§ **Task goal**
Reproduce the listing in full. Omit the pictures.

§ **Data**
-- Opening Marker --

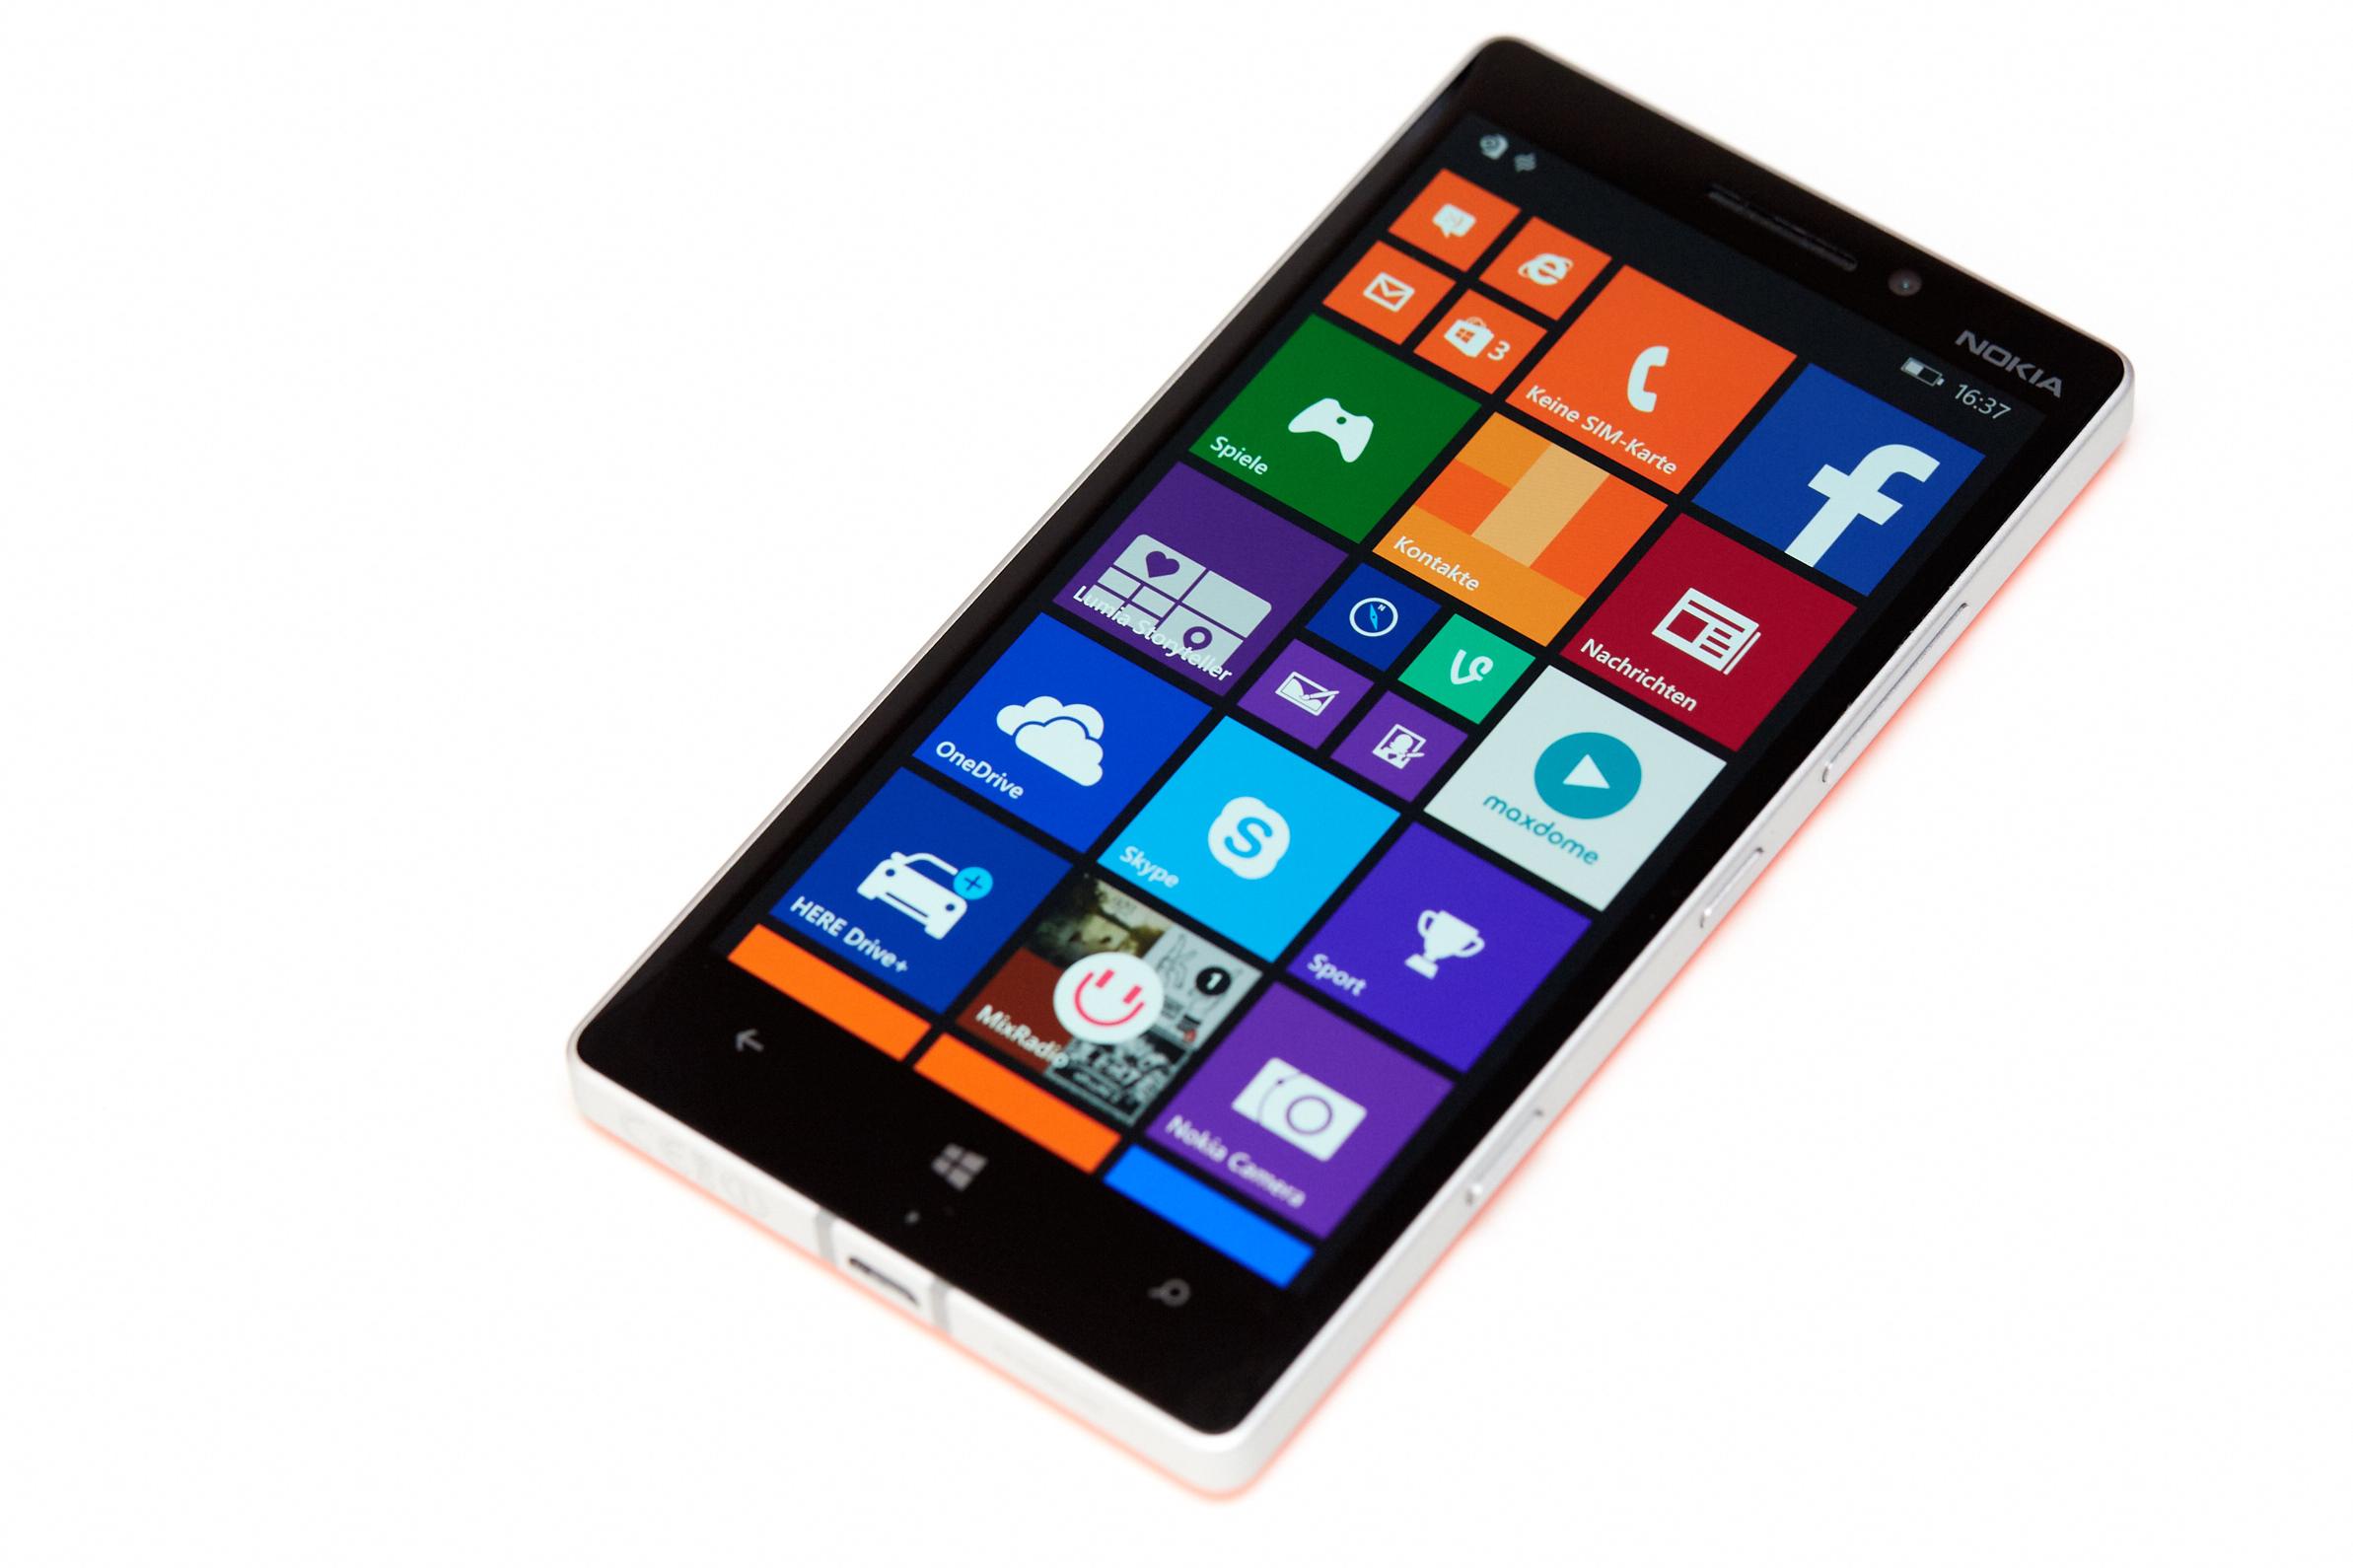 Nokia Lumia 930 in Bildern Das Nokia Lumia 930 in Bildern bet365 lotto kombinationsregeln bet365 willkommens-bonus bedingungen und konditionen Das Nokia ...
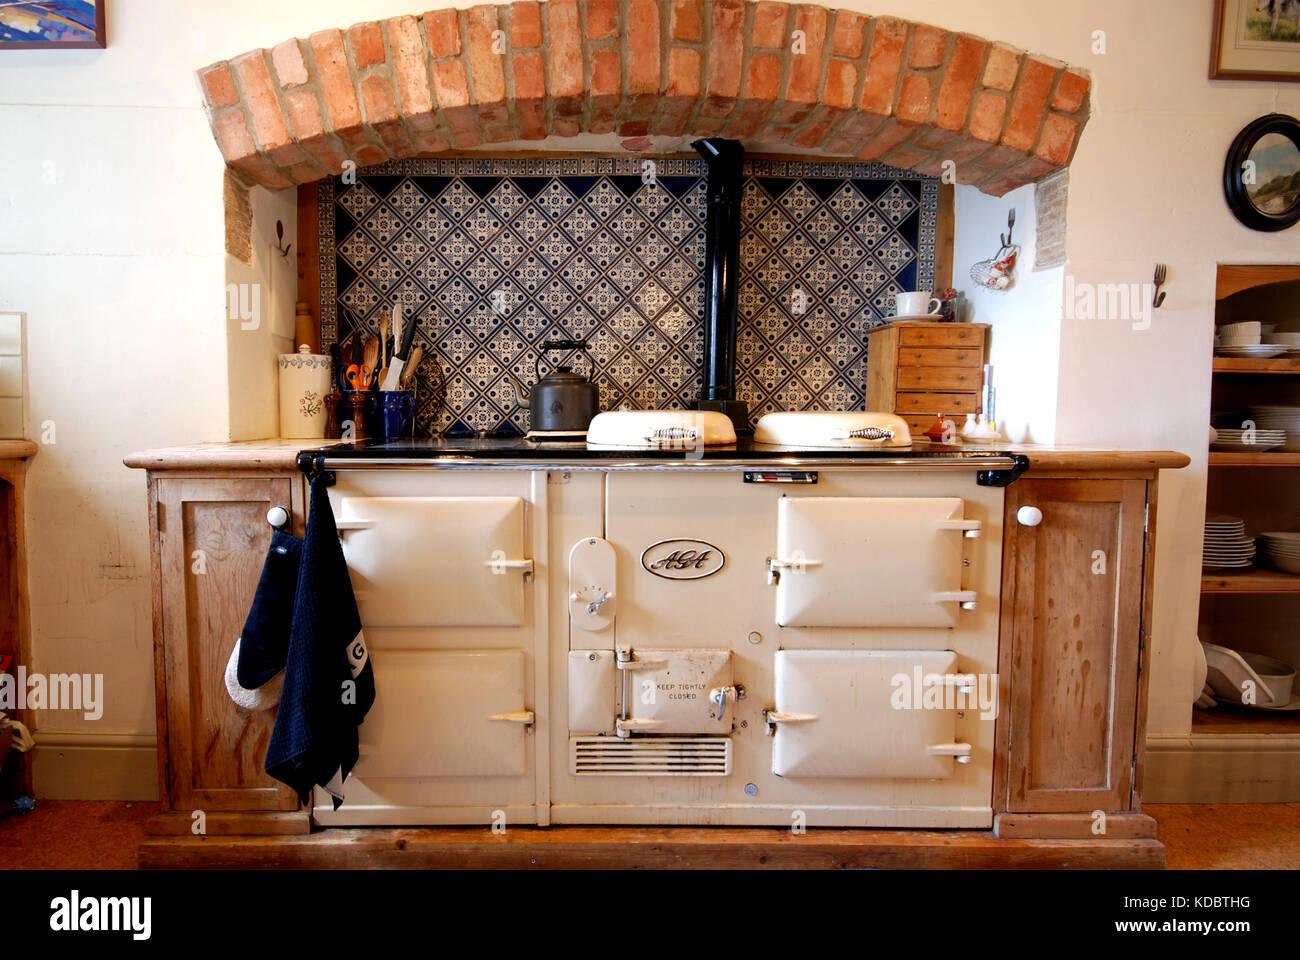 Aga Kitchen Stock Photos & Aga Kitchen Stock Images - Alamy
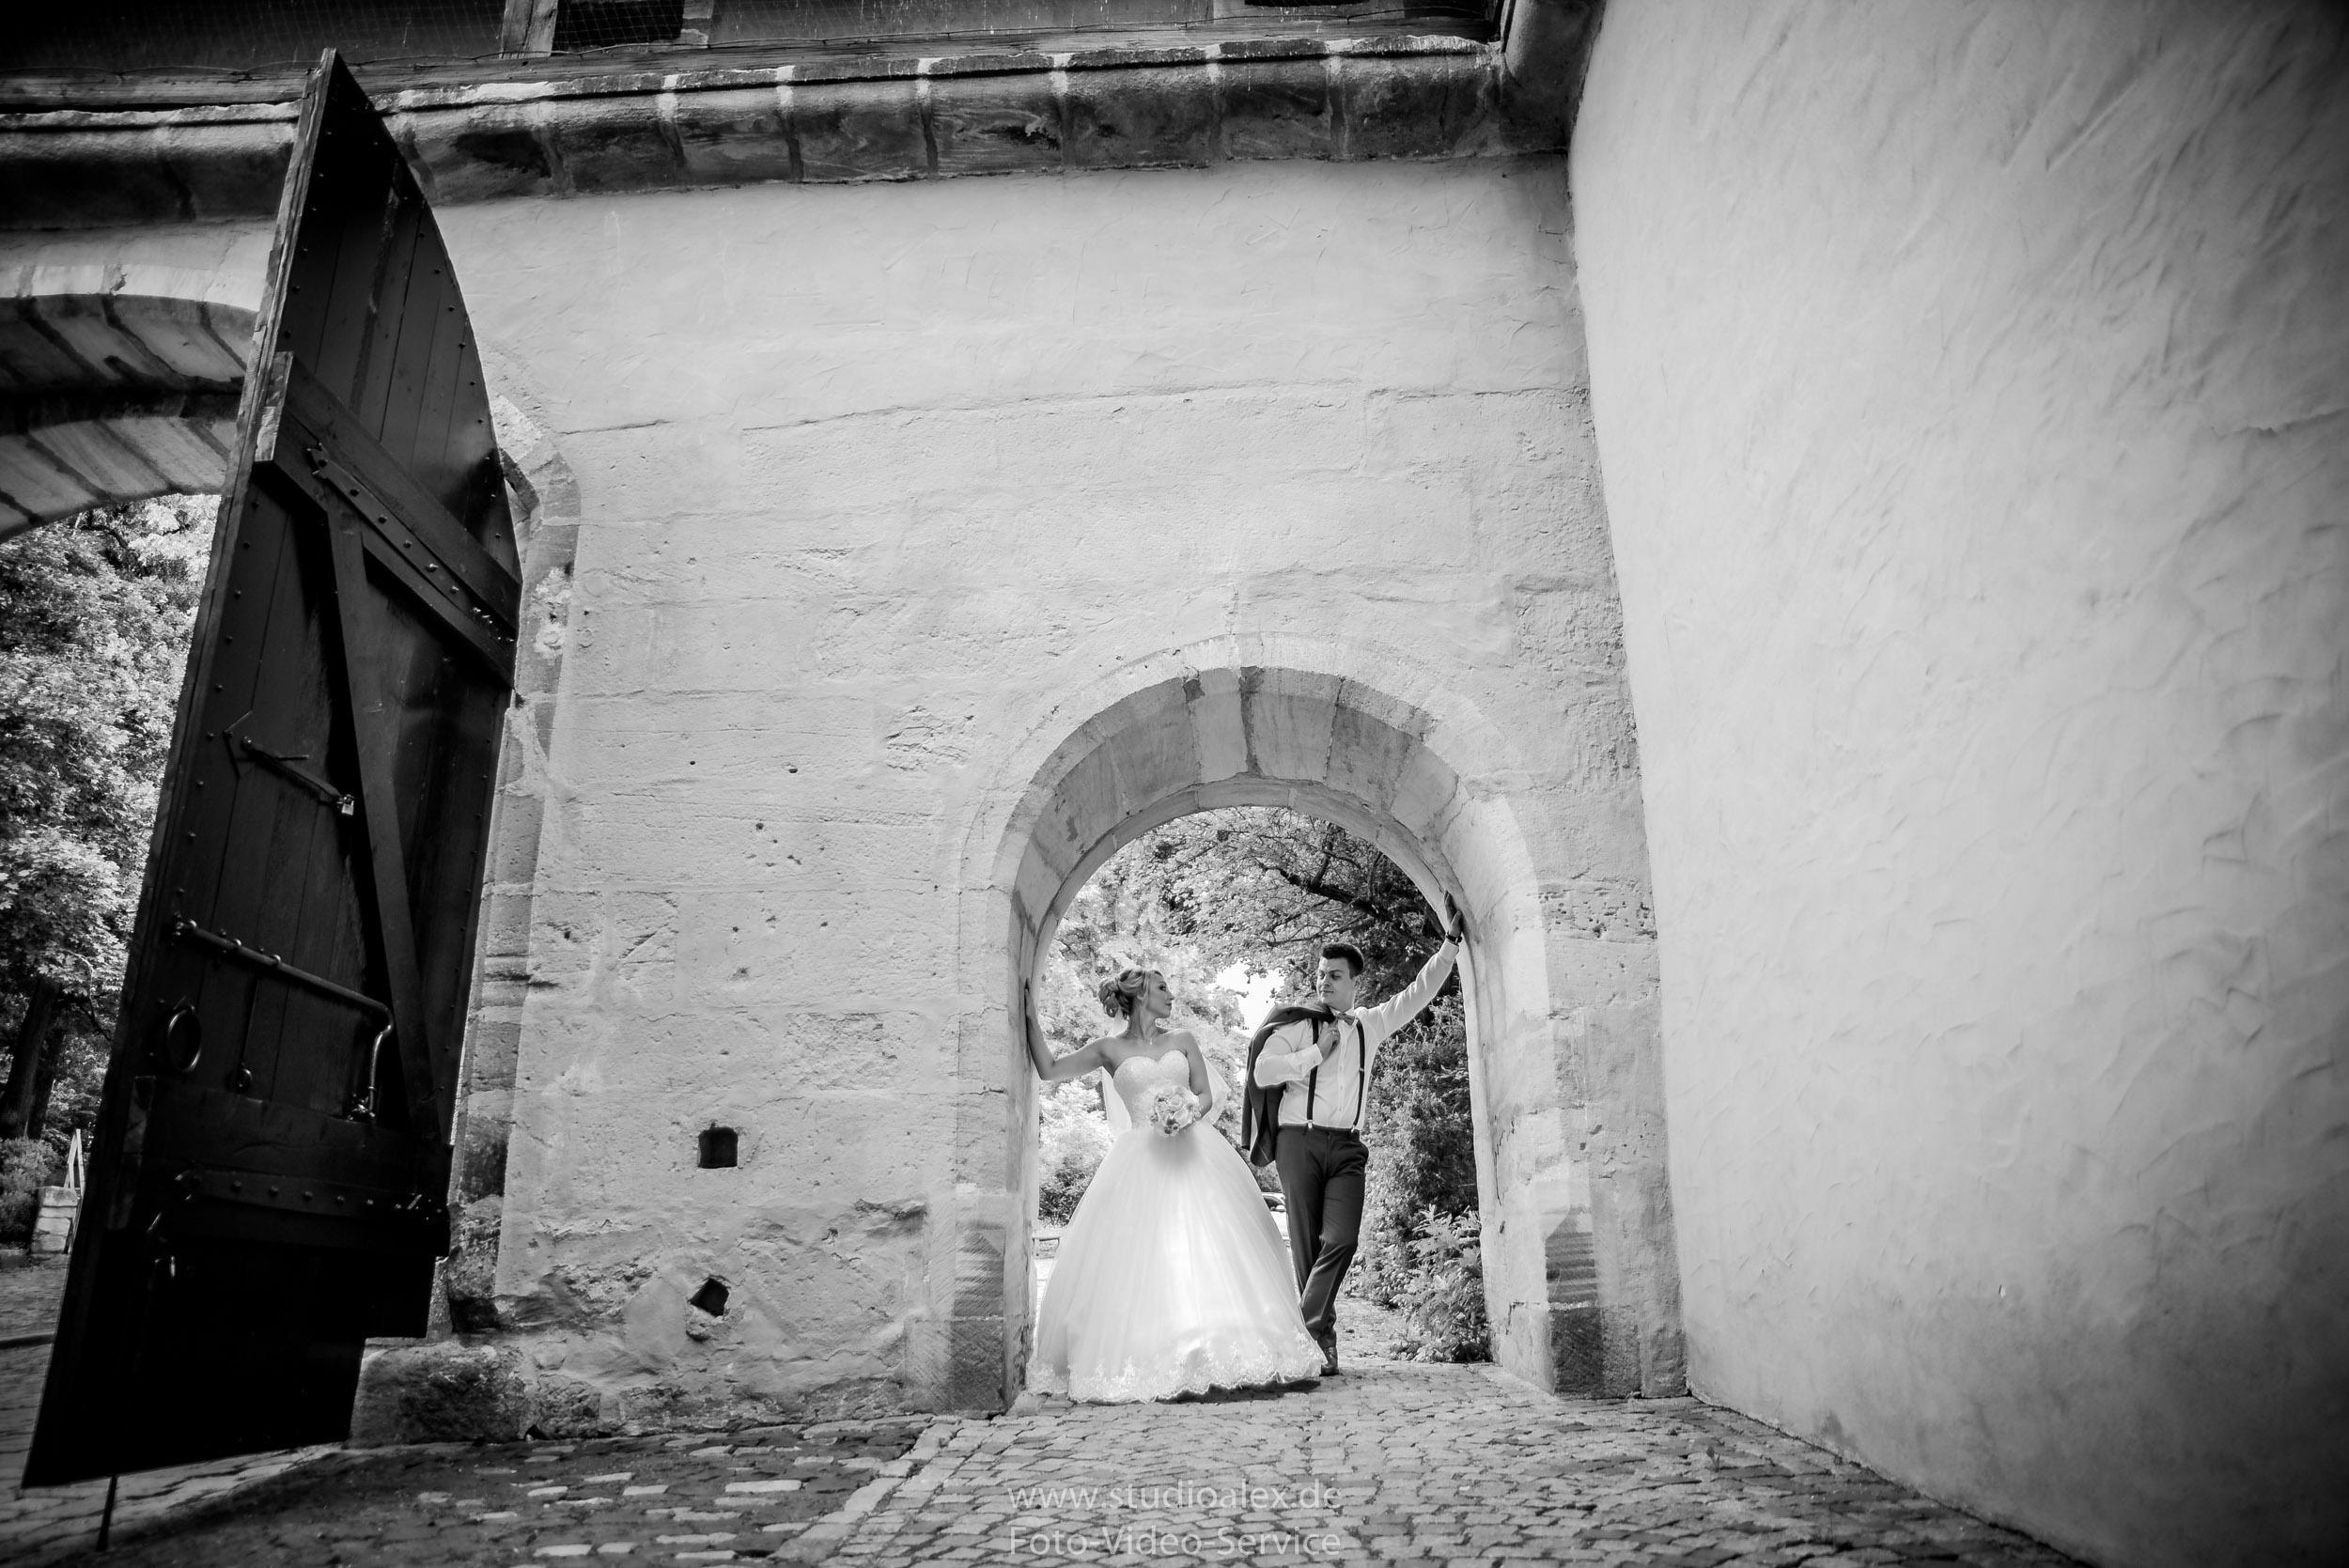 Hochzeitsfotograf-Amberg-Hochzeitsfotografie-Amberg-Hochzeit-Amberg-ACC-Fotograf-Amberg-8192.jpg

-- Closing Marker --

§ **Result of the task**
 Nokia Lumia 930 in Bildern Das Nokia Lumia 930 in Bildern bet365 lotto kombinationsregeln bet365 willkommens-bonus bedingungen und konditionen Das Nokia ...
 Aga Kitchen Stock Photos & Aga Kitchen Stock Images - Alamy
 Hochzeitsfotograf-Amberg-Hochzeitsfotografie-Amberg-Hochzeit-Amberg-ACC-Fotograf-Amberg-8192.jpg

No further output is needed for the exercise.